What you have to do
Leave the pictures in the listing below aside and reproduce exactly the lines starting with the one with "cô gái mặc áo" and going on through the one with "Puma logo evolution", both ends included.

Task data
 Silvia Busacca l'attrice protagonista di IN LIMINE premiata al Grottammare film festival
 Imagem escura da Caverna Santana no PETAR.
---
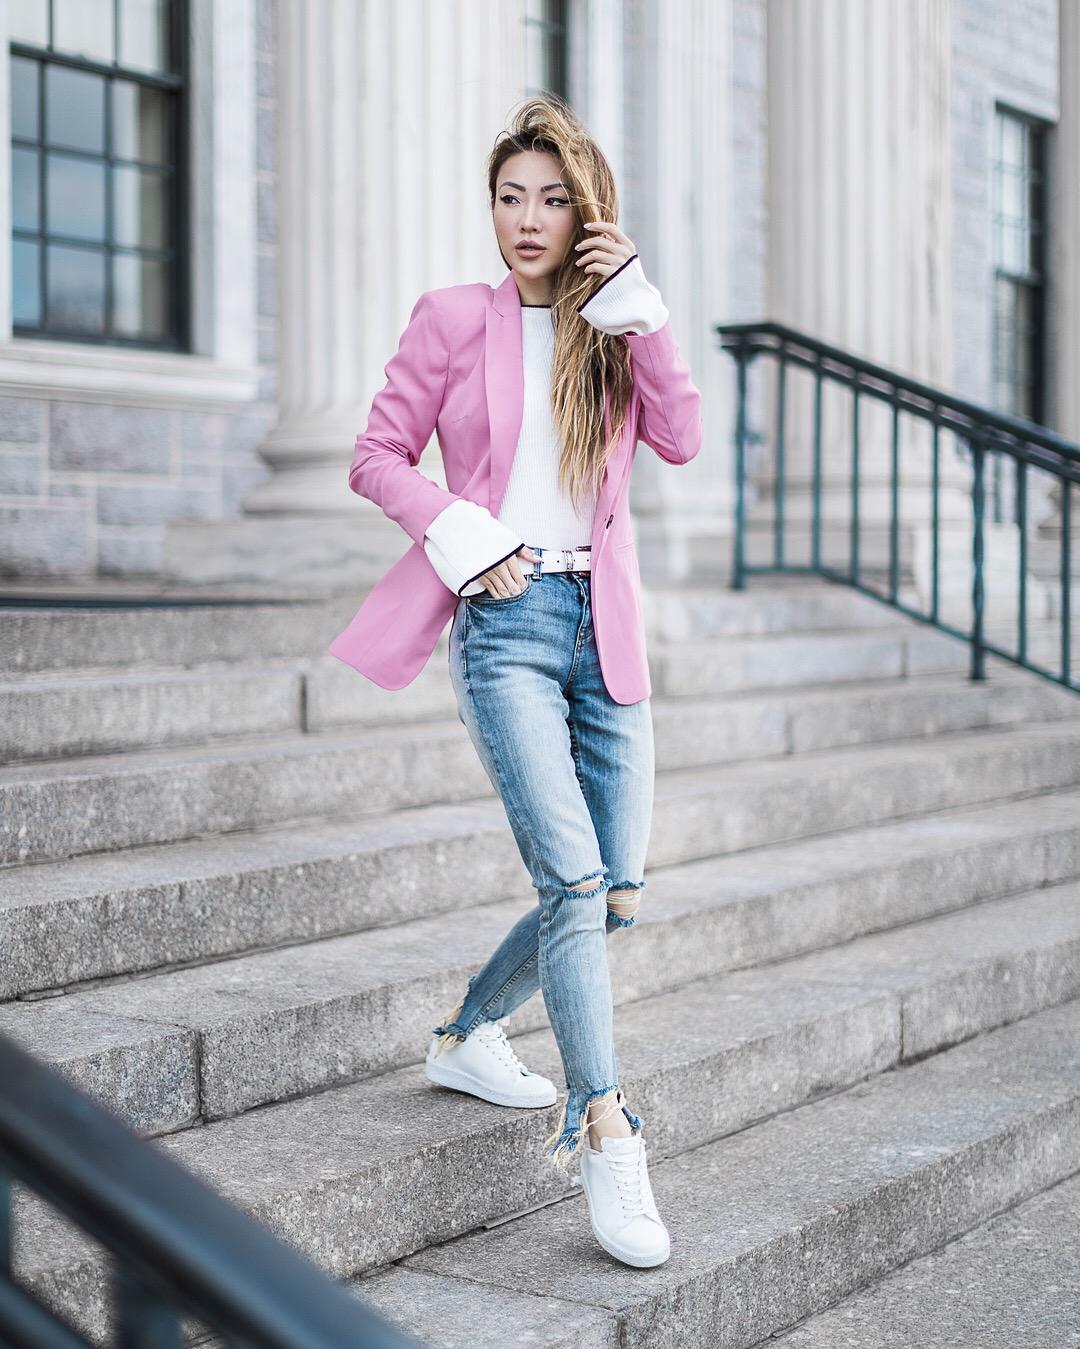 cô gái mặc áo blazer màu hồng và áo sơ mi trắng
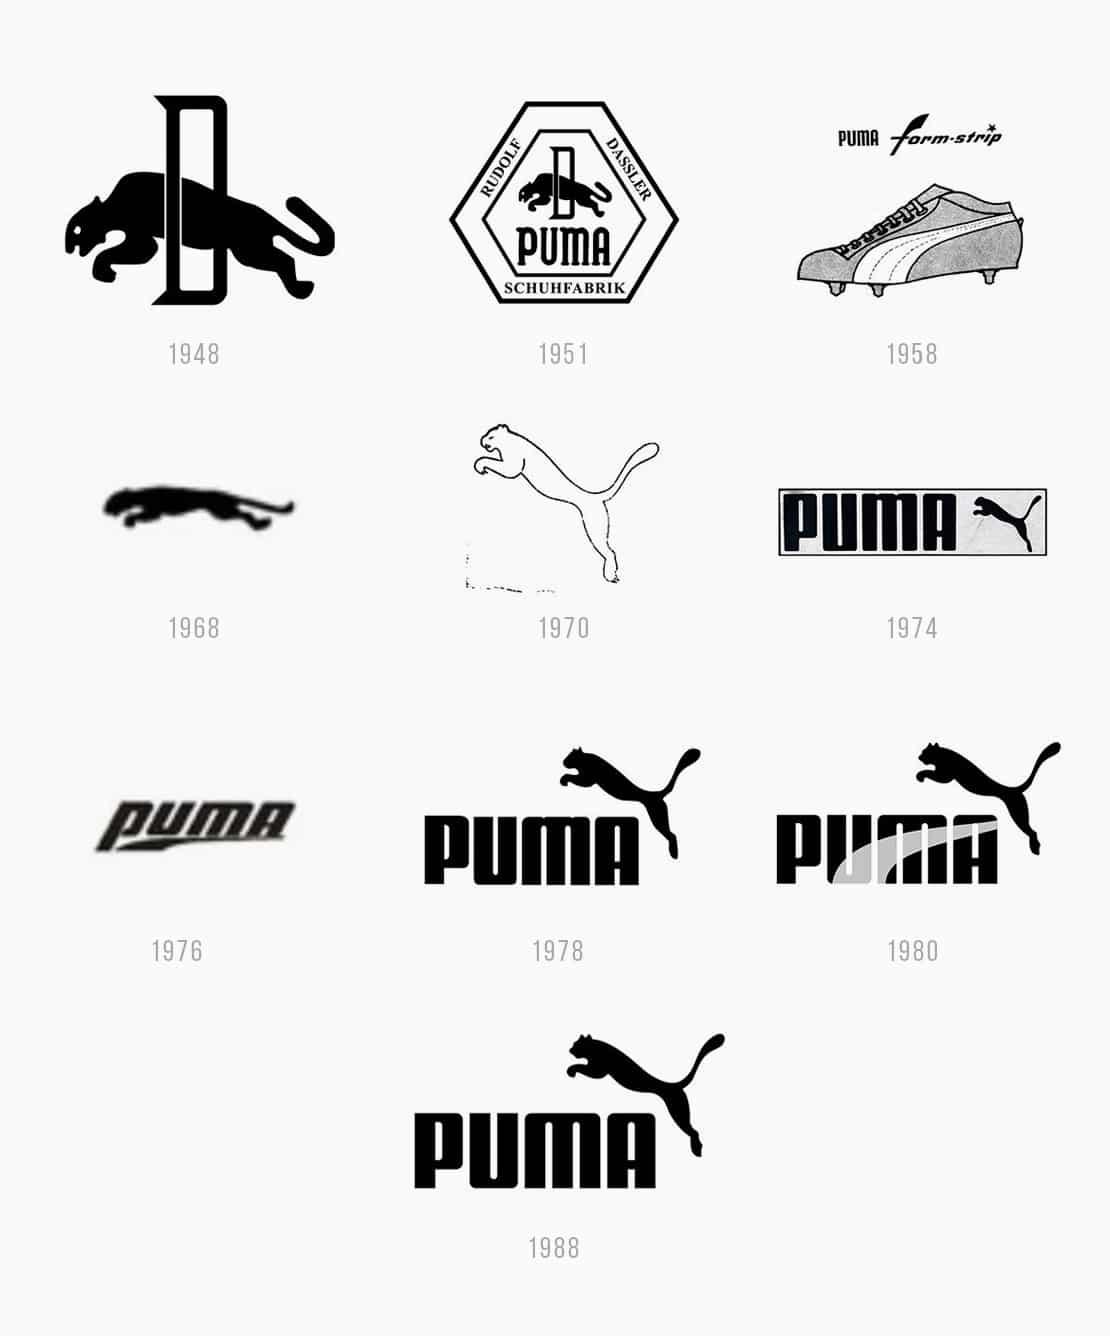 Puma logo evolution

Answer for this exercise
 cô gái mặc áo blazer màu hồng và áo sơ mi trắng
 Puma logo evolution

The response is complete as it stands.